Cuando la tela es amable con el cuerpo, respeta sus torsiones y movimientos, sin estrecheces ni holguras incómodas. Esa sensación de ajuste, de confort, es lo que la artista denomina una tecnología atenta. Desde ahí, Máquinas blandas hace espacio a todo lo vulnerable: habla desde lo sensible, desde la suavidad, desde la necesidad de pensar los problemas contemporáneos sin impostación. La suavidad no aparece como debilidad, sino como forma crítica.

El uso de la seda intensifica este planteamiento. En este material, cada pieza funciona como una secuencia por actos, como un diálogo que luego se acompaña con el resto de los trabajos. El acto de hacer con las manos y los tiempos que ese hacer genera es, en sí mismo, una acción contraria al ritmo productivo dominante. Las máquinas de Ortega no funcionan o no lo hacen para una finalidad concreta: son fragmentos, restos, jirones de memoria, taras y excedentes. No buscan el éxito técnico. Incluso cuando la artista desarrolla una turbina o una estructura cercana a la maquinaria dura, decide sustraerla de la utilidad industrial y llevarla a un espacio crítico. Estas máquinas blandas necesitan de la mano para activarse: no son autónomas. Si la mano se detiene, la obra se detiene. En sus sedas, cuando ella deja de bordar, el tiempo queda congelado.

También el óxido o la tela de mosquitera —cercana a los jirones al viento de los invernaderos— encarnan aquello que está en tránsito o que ha sido usado, participa de una lógica acumulativa. La capa se convierte en sedimento; la memoria queda sujeta al movimiento de las manos y al relato que ese movimiento activa. Si el gesto cesa, la obra no se materializa. Hay en esta temporalidad una posición política clara: una crítica al sistema de trabajo ligado al servicio, a los saberes y herramientas blandas que sostienen la vida y que históricamente se han vinculado a lo femenino. El cuidado, entendido como práctica de servicio, atraviesa el trabajo de Ortega y sitúa la obra en una temporalidad otra, articulada alrededor de la posibilidad de hacer un resto subversivo.

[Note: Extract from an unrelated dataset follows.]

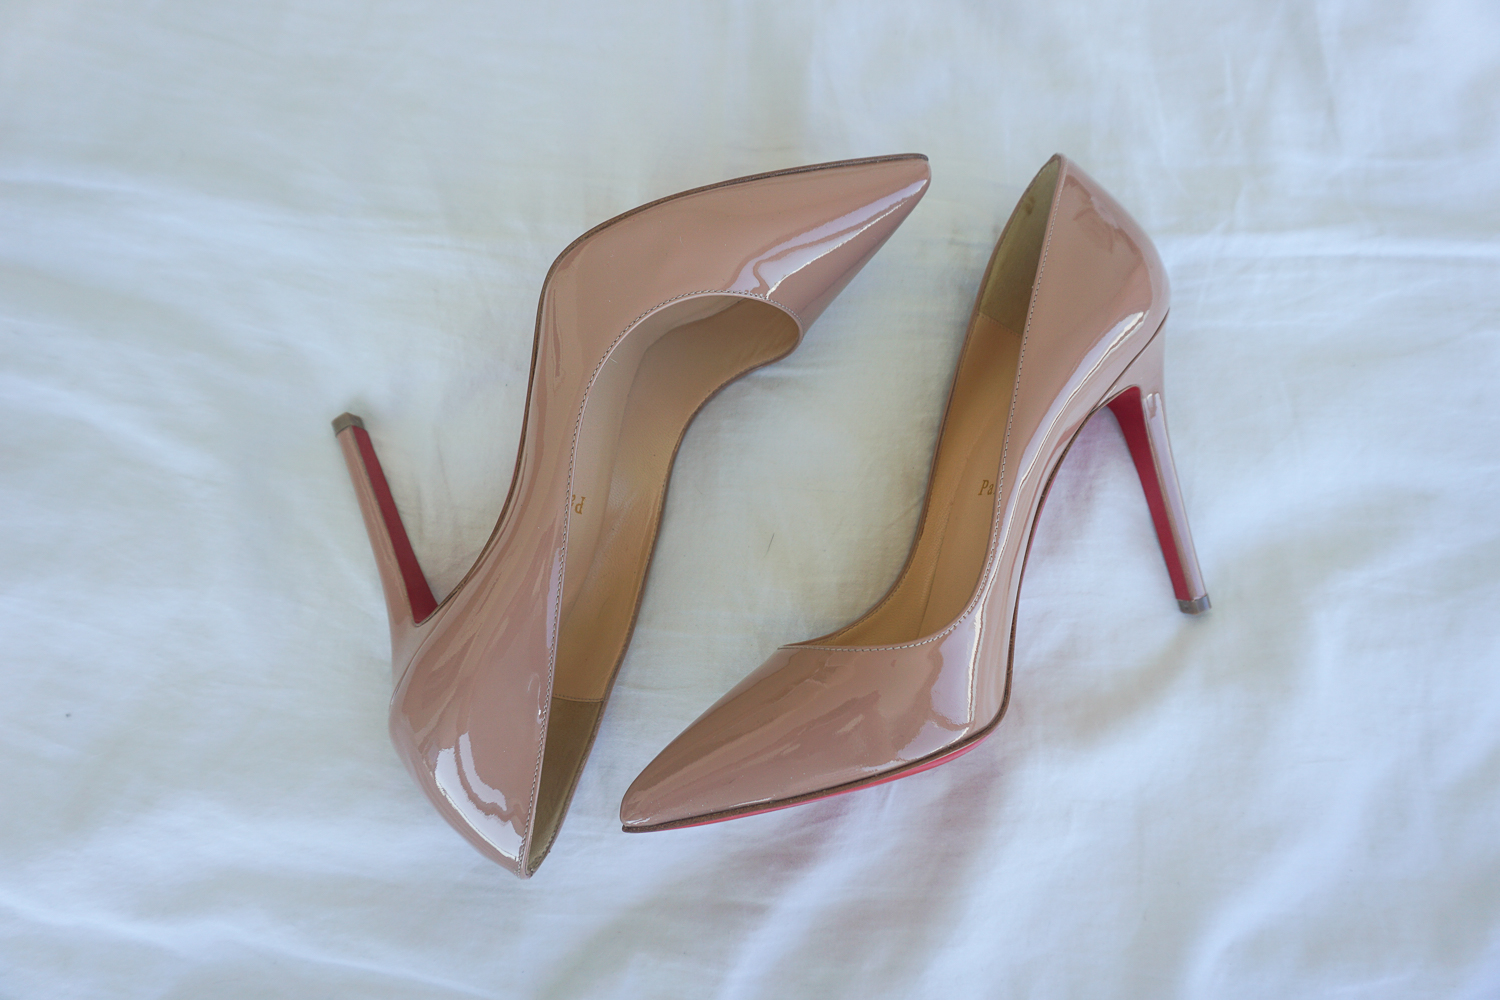 Christian Louboutin Heels Are Worth the Splurge; Here are 7

Los restos de costura, las taras de fábrica, las máquinas improductivas, el trabajo de la zafra, el territorio plagado de invernaderos en desuso: todas estas materialidades giran en la exposición como si formasen parte de una misma constelación. Entre tejido, barro, papel y agricultura, la artista establece una relación material en la que la voluntad y el gesto sostienen el sentido. Si esa voluntad se interrumpe, todo se detiene. Por eso estas piezas son, en última instancia, el vestigio de muchas manos.

Desde esta perspectiva, toda memoria es intertextual: no existe un texto original, sino siempre otro anterior, otros vestigios, otros relatos que sobreviven en capas. Reescribir la memoria para que pueda seguir contándose, para que sobreviva y sobrevuele, es uno de los gestos fundamentales de Máquinas blandas. Los símbolos vinculados al imaginario del trabajo de las mujeres en la zafra y en los invernaderos no se incorporan solo a la superficie de la obra; también activan una responsabilidad: la de tomar prestados esos signos y hacerlos comparecer en el presente como una forma de conciencia crítica.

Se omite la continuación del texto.